On Chrysler's online strategy: "The objective is to make interactive the centerpiece of the marketing strategy so that consumers can be spoken to individually. Our strategy looking forward is that all media is going to become two-way."

On revamping the upfront: "The process would start with what would amount to an enormous IPO: the sale of all these spots to the market. After all the shares have been parceled out, they would be traded between advertisers and networks. Is this a radical change? Yes. Does it acknowledge that we have computers in the 21st century? Yes. Does it fly in the face of those who say `It has worked for decades, why change now?' Yes. But if it is working so well, why is it that the buyers are the ones complaining?"

On the Lingerie Bowl (to Automotive News): "We did all the right things in terms of analyzing it. It wasn't mainstream, it was pay-per-view. It was inexpensive and a guerrilla-marketing attack around the Super Bowl. We were exclusive. So if you look at it from a quantitative standpoint, it seemed to have minimized the risks and maximized the potential. What separates a good marketer from a great marketer is we can sometimes miss that level of intuition and creative sense. When I first heard the idea, I remember thinking `Wow that could be big.' But there was this sixth sense tingling. I was able to be convinced as I asked all the important questions that it seemed like we were doing all the right things."

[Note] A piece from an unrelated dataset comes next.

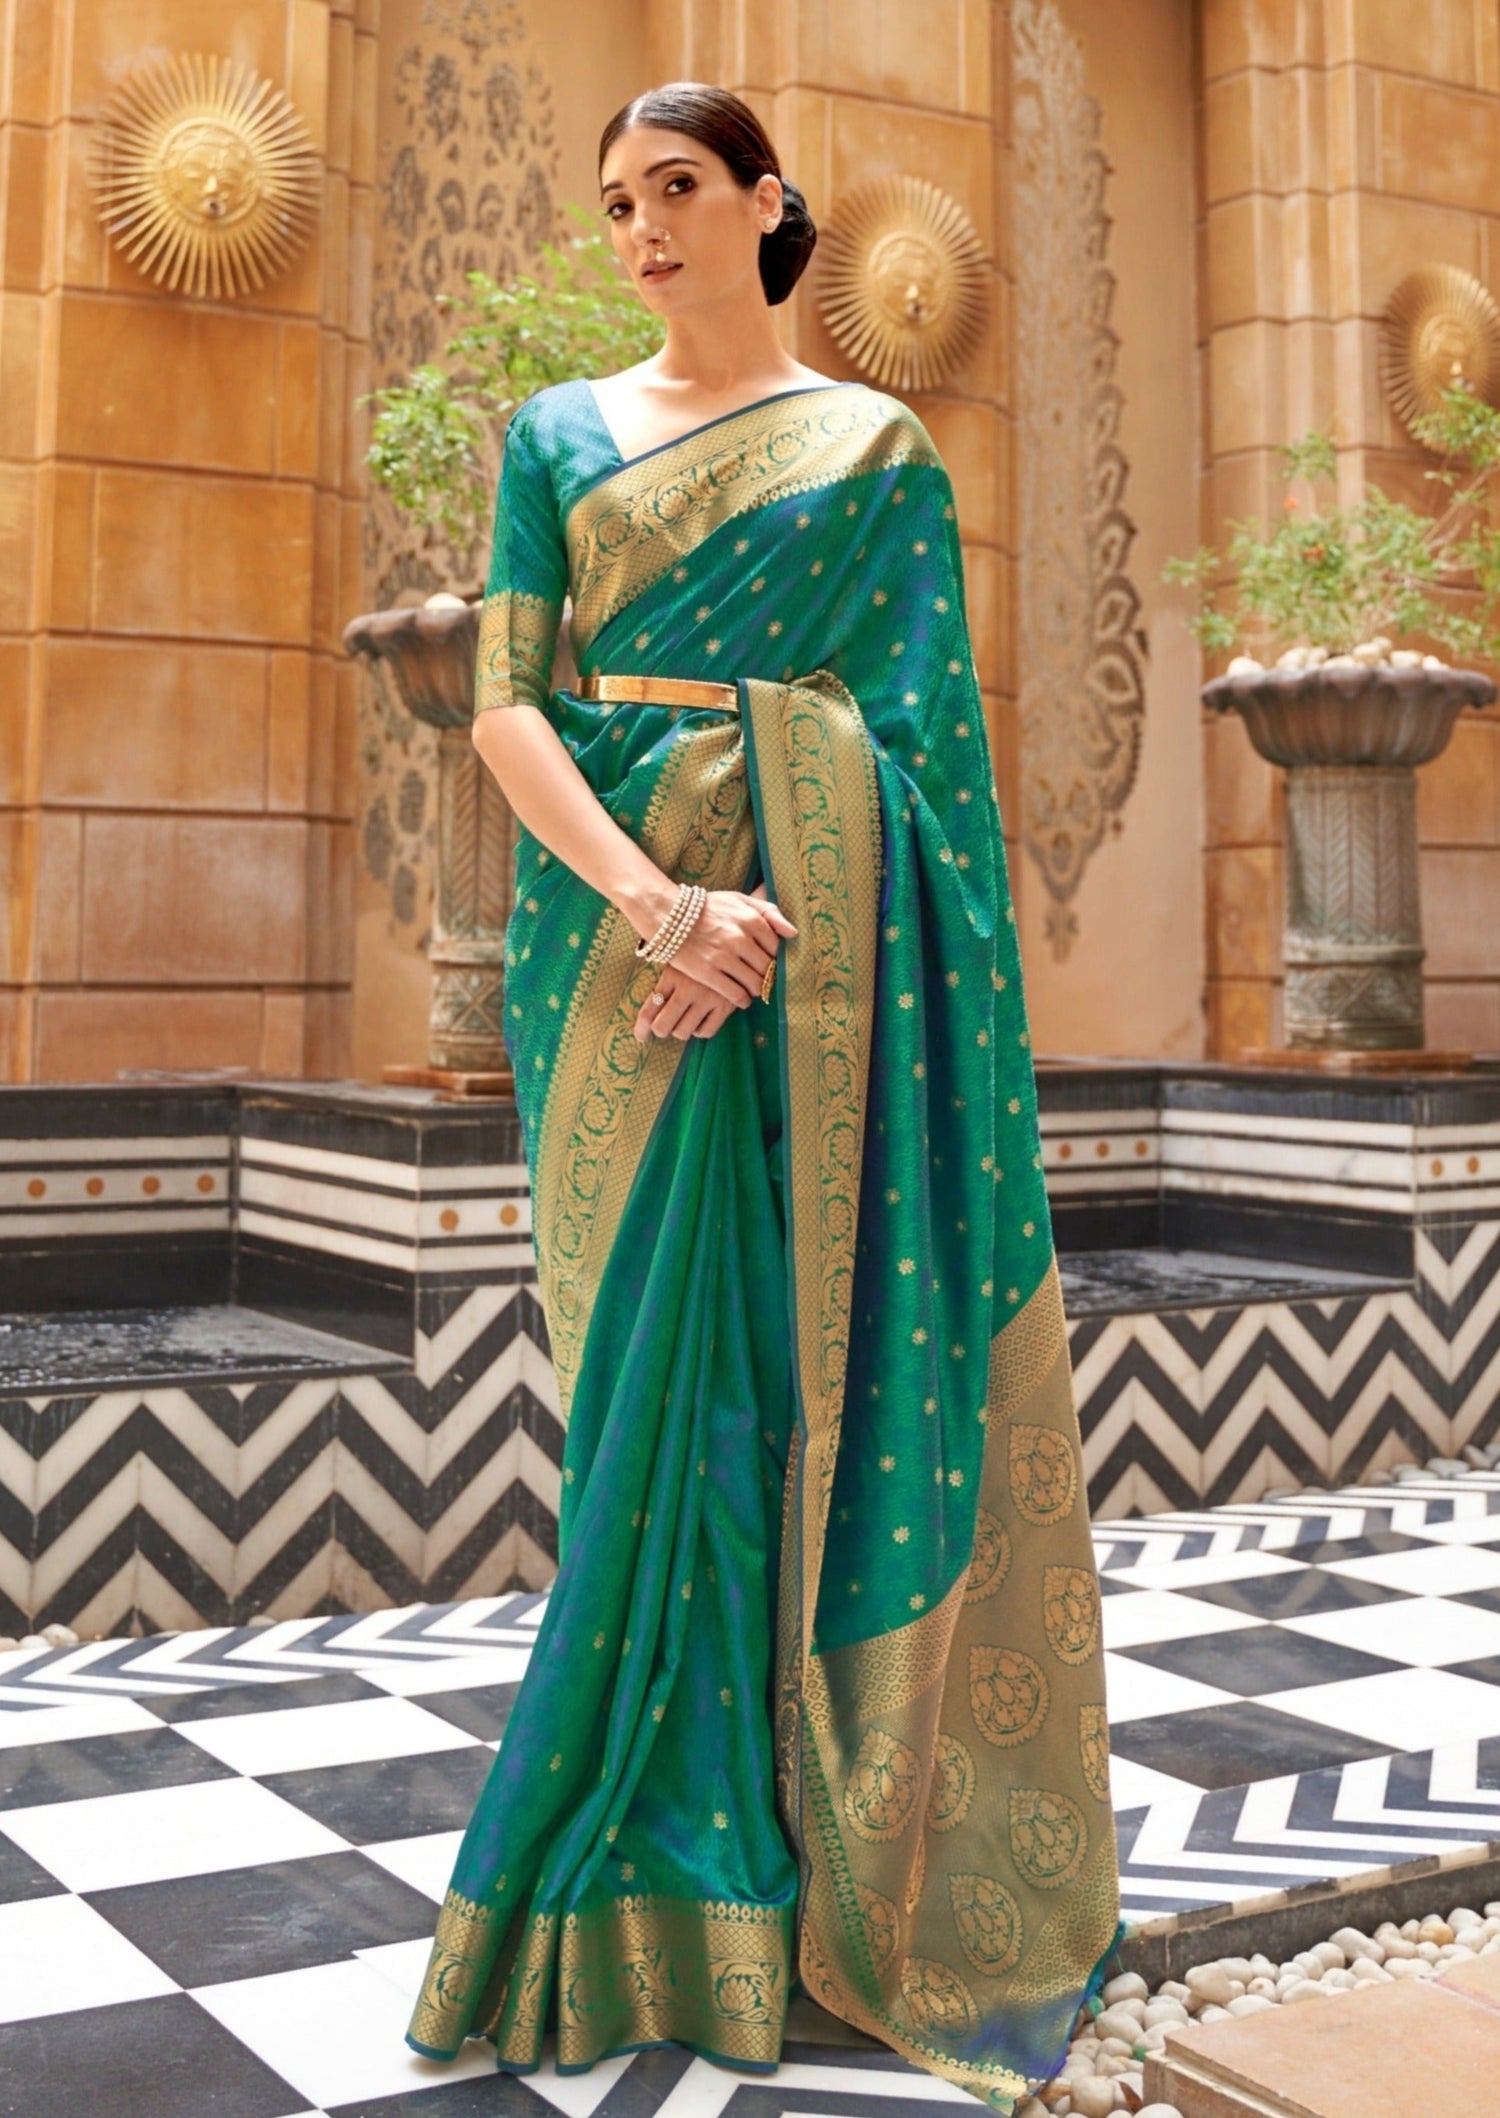 Luxury handloom silk sarees online.

On the Durango spot set in a urinal where men discuss extra inches (for the truck bed): "It has received a lot of attention. It is done very tastefully."

On Dodge creative that uses a single commercial to hammer home a single vehicle feature: "TV is not meant for that. If I can get you to look at our spot on TV and it can make you smile and feel good about our brand, I've done my job on television."

On dealers' negative reaction to Aerosmith's Dodge Ram launch TV spots because it didn't highlight its "why-buy" features: "Any time you come out with something pretty edgy and in-your-face, a lot of dealers question it. Our dealers are not the people we're targeting."